Red Dreams
Full Member
some democrats voted against these amendments too. Its very disheartening when politicians are unable to set aside politics to save lives.
How do these people sleep at night.
How do these people sleep at night.
Well done GOP, you fecking bunch of utter cretins.
It's like they actually want their future to be exactly like the movie Robocop.
@senorgregster i never meant to imply those deaths were irrelevant or meaningless, just that in terms of the conversation being had, you can't group everything together to try and solve the problem. Understanding the cause of the shooting is beneficial to trying to figure out a solution. Just blindly grouping them all into one category doesn't do that.

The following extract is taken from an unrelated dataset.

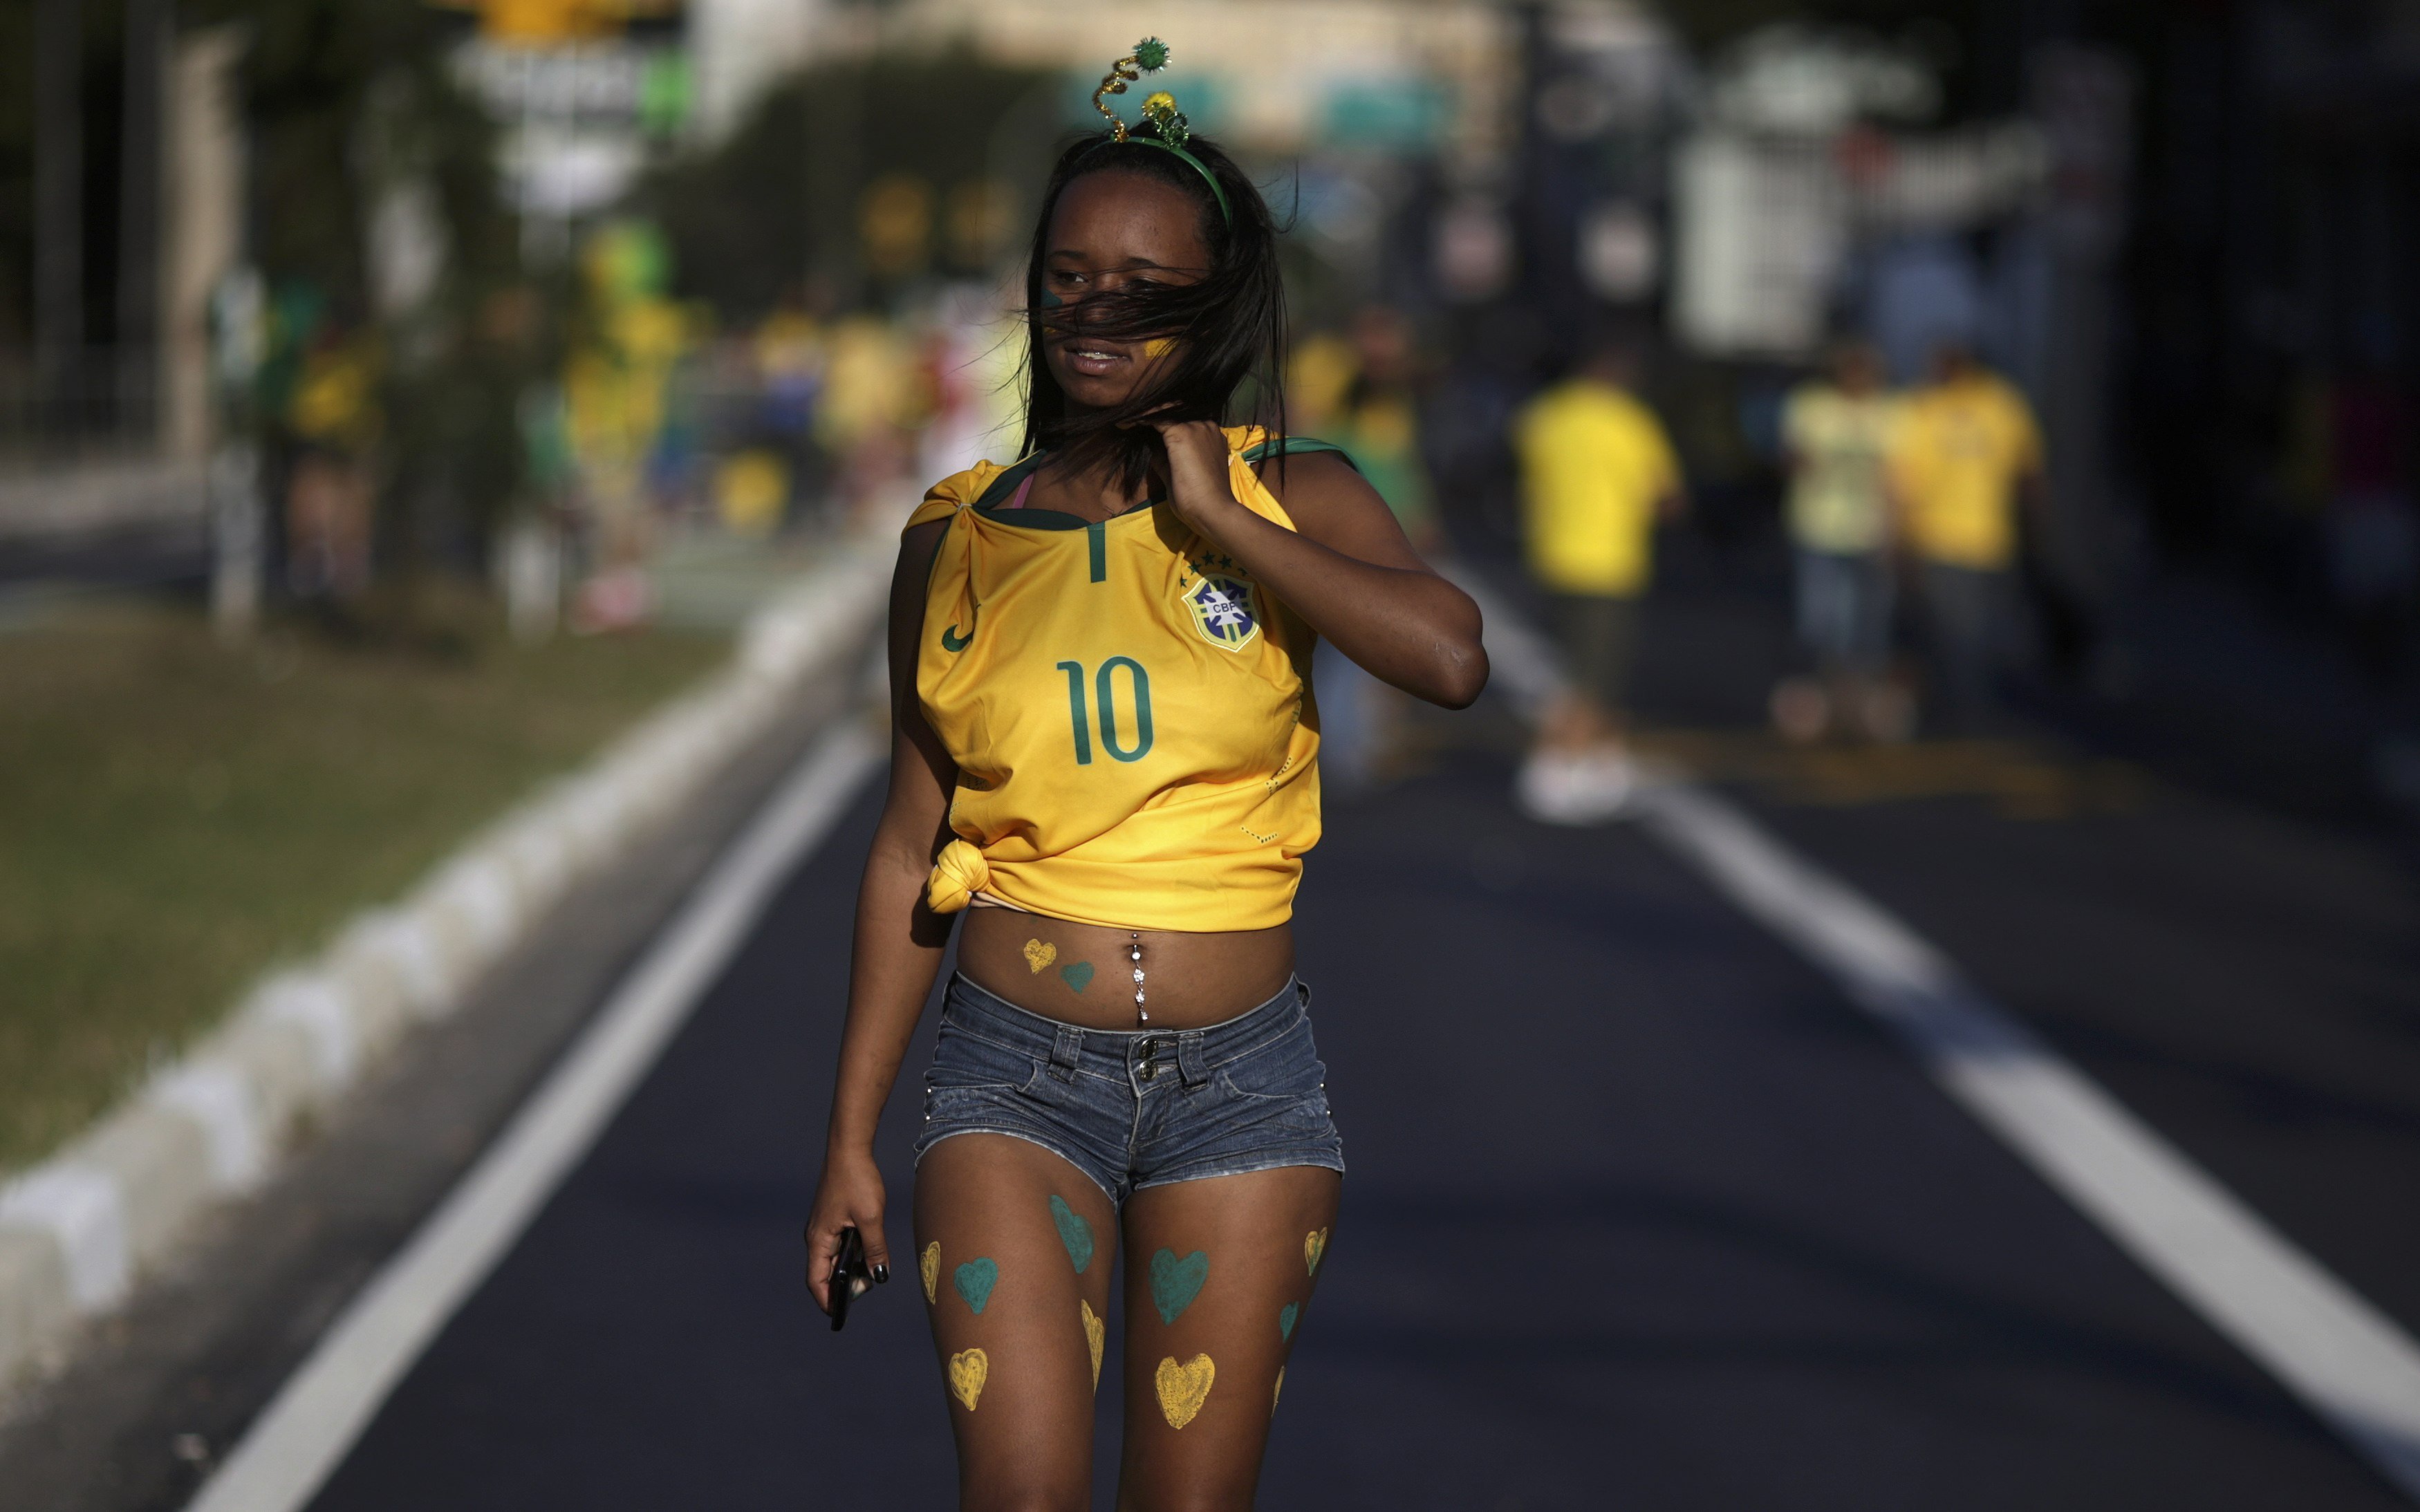 A brazilian soccer fan walks on the street near the Corinthians Arena ahead the 2014 World Cup match between Brazil and Croatia in Sao Paulo on June 12, 2014.

I agree that any loss of life is tragic, especially for some that are so young and born into that cycle of gangs and drugs.
Also to your other point, there have been over 40,000 incidents, but the numbers @Rado_N quoted were just the deaths I believe.
Do other countries have the same mentality and culture of the U.S.? You can't just compare broadly across the World and say this works here, so it will work here.
I'm pretty sure plenty of gangs like MS-13 use machetes and other weapons, and there's plenty of drug cartels here that I don't think function in the Australian Outback.
How many of these people that were arrested on mass shootings had explosives at home?theres no reason to think that if they're as hell bent on causing injury and death that they wouldn't use those instead. They wouldnt even need that trusty fork you seem to have armed them with instead.
Are guns part of the problem? Sure. But like I said above, the distinct lack of respect for human life is the bigger factor IMO. With the media in this country pushing their own agenda for views and ratings, they perpetuate the cycle of violence.
These things can't be half-arsed, banning certain accessories and types of firearms isn't going to cut it.
Make them entirely illegal, hold an amnesty for them to be voluntarily handed in, after that if you're caught with one you're in the shit.
I'm not for one moment saying it will be easy, there will be uproar and it will take time, but you have to start somewhere and in a few generations people will look back on this like the Old West.
I've moved these 2 posts over from the San Bernardino thread:
Mentality and culture of the US or not Skizzo, there's a vast difference between the cold, almost detached action of pulling a trigger and the up close and personal brutality of stabbing or bludgeoning a person. Not to mention the sheer physical exertion needed to commit a mass murder with a simpler weapon.
Knives, clubs and axes are also far less likely to result in accidental or crossfire injuries when used. In the gangland situations like you've mentioned, you remove the issue of stray bullets hitting kids who happen to be in the wrong place at the wrong time when you take away firearms.
These guys have gone so far as to create the "Dickey Amendment" (apt name) which bans any federal funding of research of gun violence. These feckers are serious. I guess there is a group of physicians, along with some members of congress, trying to overturn this "public health challenge" that may soon surpass automobile accidents as the leading cause of death in the country. Everyday, 89 people die from gun related violence.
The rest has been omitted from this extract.